■ **WHAT TO WORK ON**:
Start to finish, print the data below exactly, without the images.

■ **DATASET EXTRACT**:

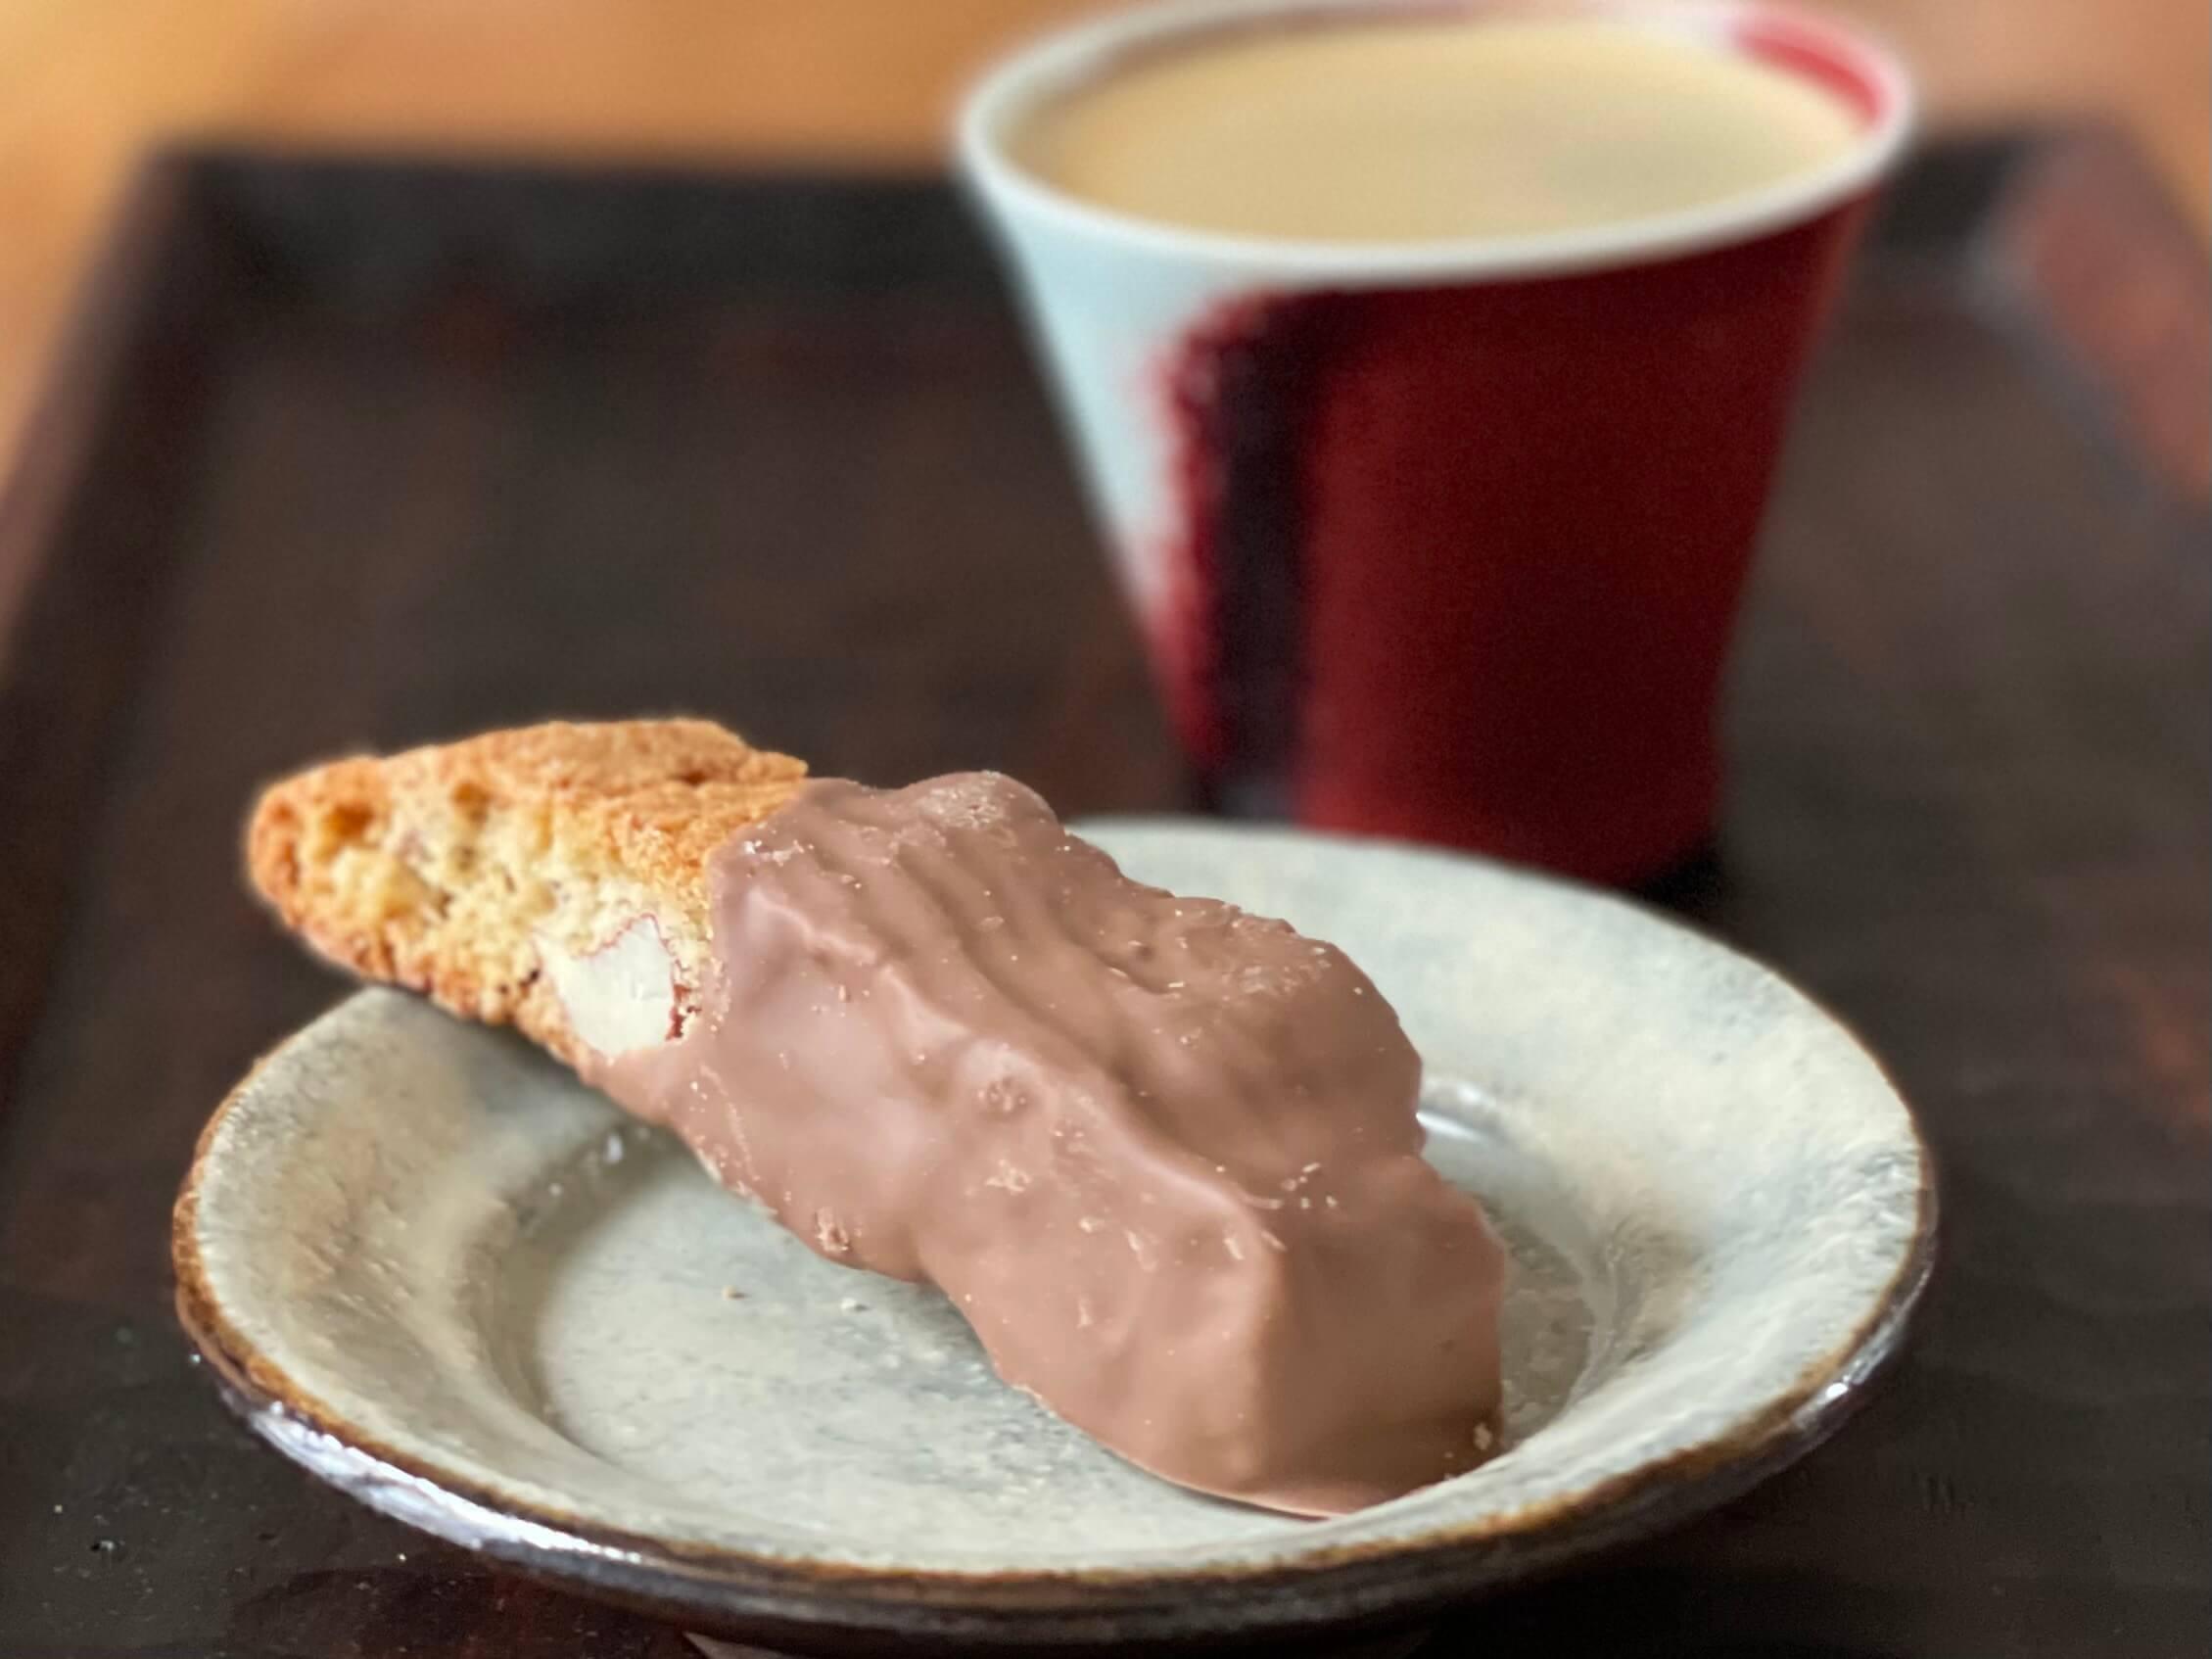 退屈日記「一日を豊かに彩る、コーヒータイム、最高のお供とは?」
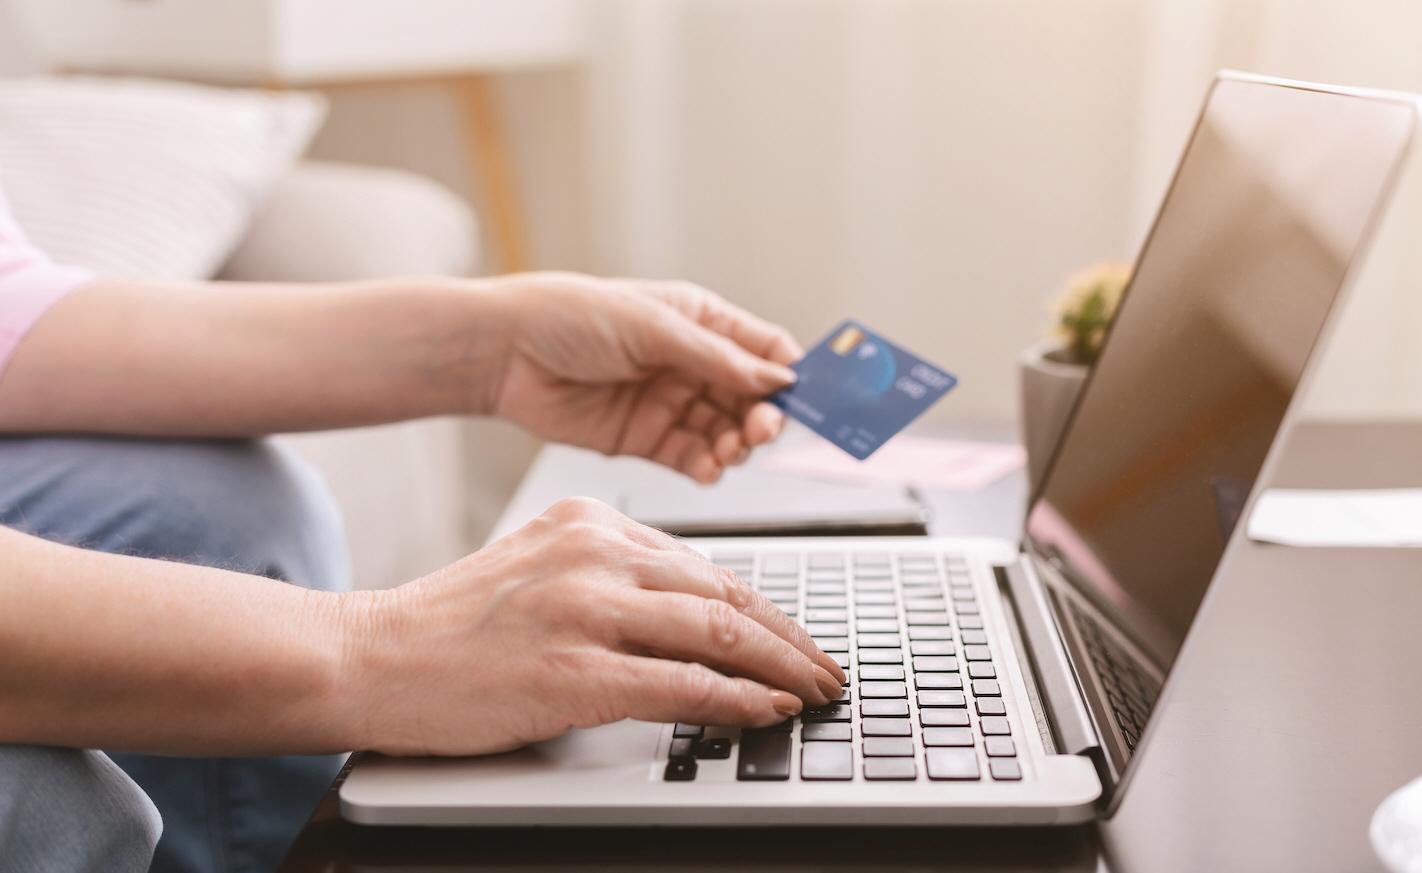 Covid-19 har slagit hårt mot resande och shopping i butiker, men samtidigt köper vi mer saker över internet, varför konsumtion fortfarande är ett hot mot klimatet.
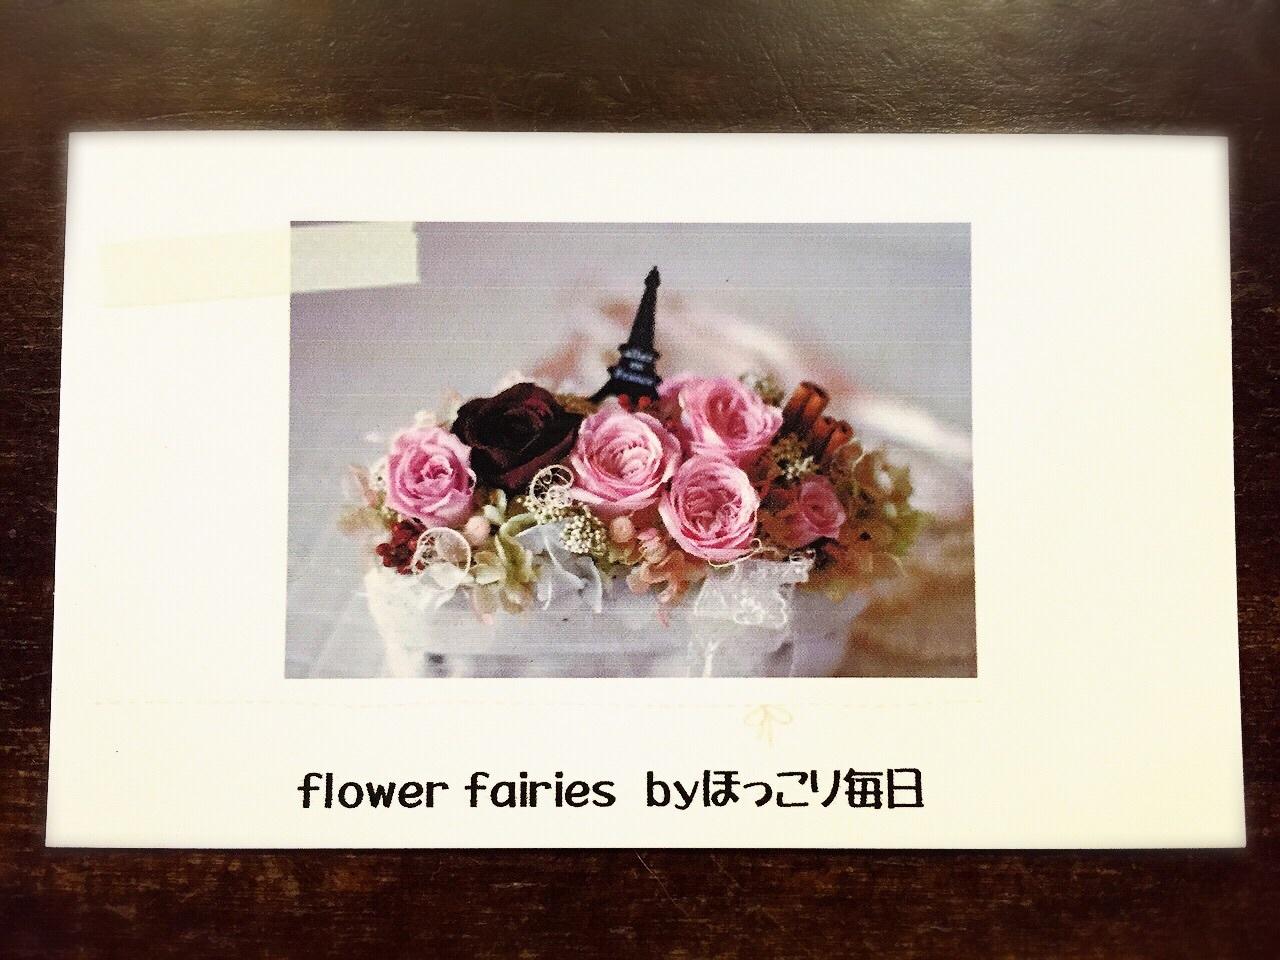 フラワーアレンジ・flower fairies さま_a0322702_10202550.jpg
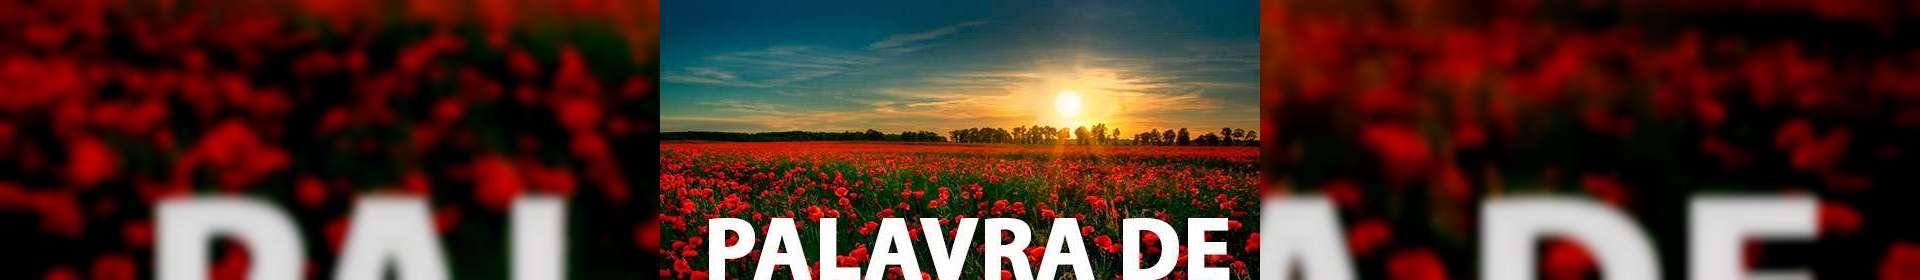 Isaías 42:9 - Uma Palavra de Esperança para sua vida

■ **ANSWER FOR THIS EXERCISE**:
 退屈日記「一日を豊かに彩る、コーヒータイム、最高のお供とは?」
 Covid-19 har slagit hårt mot resande och shopping i butiker, men samtidigt köper vi mer saker över internet, varför konsumtion fortfarande är ett hot mot klimatet.
 フラワーアレンジ・flower fairies さま_a0322702_10202550.jpg
 Isaías 42:9 - Uma Palavra de Esperança para sua vida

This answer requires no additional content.